# Honda makes a propane inverter generator!!!



## I'd_last_a_day (May 12, 2015)

Storing gasoline and storing propane is night and day. I just found out that Honda makes a propane version of their EU2000, they've been making one for at least a year, it is the EU15iGP.

http://en.responsejp.com/article/2014/04/21/221675.html

BUT here's the bad news it's not made in America yet (i think it's 50 hertz). I'm crossing my fingers that it's only a matter of time. Not sure about other people but I'd much rather have a Honda generator that was specifically designed by Honda for propane, than to have a tri-fuel tweak job...in my opinion I'm paying Honda prices for Honda quality


----------



## GTGallop (Nov 11, 2012)

Yamaha makes some Tri-Power ones. Gas, Nat Gas, Propane.
I'd like to see a very small diesel powered unit too sometime.


----------



## I'd_last_a_day (May 12, 2015)

Is it Yamaha themselves who make it or is it a 3rd party?


----------



## PaulS (Mar 11, 2013)

Don't buy a fuel powered inverter! A "gasoline" engine running a low voltage alternator to power a step wave inverter is a waste of energy. Not only does it add an extra 10% loss in the system it can ruin induction motors and anything with electronics that use 120VAC. 
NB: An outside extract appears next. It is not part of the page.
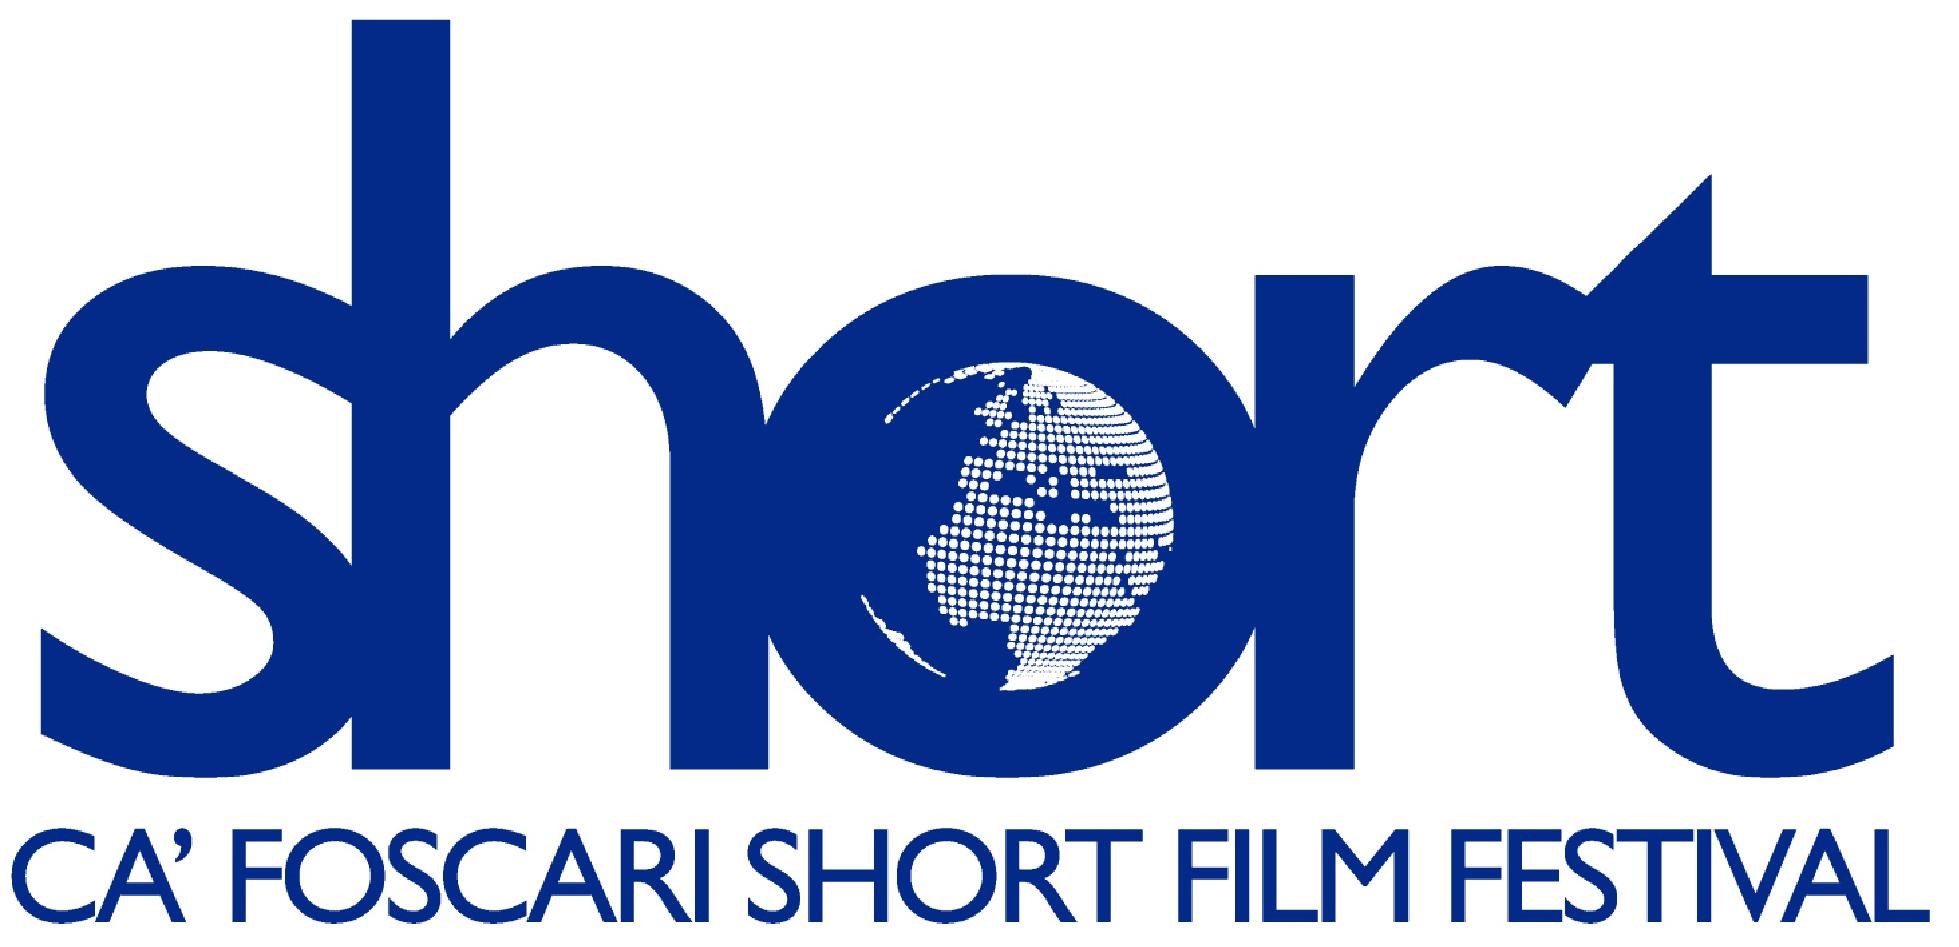 Ca' Foscari Short Film Festival

Either get a Gen set that produces 120/240VAC or get a solar charger for a battery pack and a full sine wave inverter.


----------



## tinkerhell (Oct 8, 2014)

I don't mean to hijack the thread, but a buddy of mine had a dual fuel system in his car. The engine would start on gasoline, but once it was running, he would open 1 valve and close another so that it was running on propane. He showed me the propane conversion ( not homemade, actually a manufactured system) and it was a pipe in the air intake that would mix the propane into the incoming air.

I don't know much about the science behind this, but I wonder if it would be easy enough to build a propane/air mixer that could attach to any small gasoline engine. It could be an interesting project. I think there are some definite safety risks with a project like this, definitely not a good project for just anyone to do.


----------



## PaulS (Mar 11, 2013)

The dual fuel (propane/gasoline) systems are rather expensive and must be selected and installed by someone familiar with those systems. There is a lot more than meats the eye when doing an installation.
I was trained to install and repair Impco and Century LPG systems. There are oil or vacuum switches that have to be installed to prevent fuelling a fire when the engine stops, and special hose that is used to transfer LPG fuel from the tank(s) to the vaporizer/regulator. Then you have to use a different kind of hose to feed the mixer (carburetor) with the gaseous LPG. LPG is as dangerous to store as gasoline and maybe a bit more so as it will collect in any low spot and remain there until an ignition source finds it. Special sealants are used at connections and the test equipment for detecting leaks can be very expensive. I still have some of the tools I used but I have been away from the field long enough that I would need a refresher class to be recertified.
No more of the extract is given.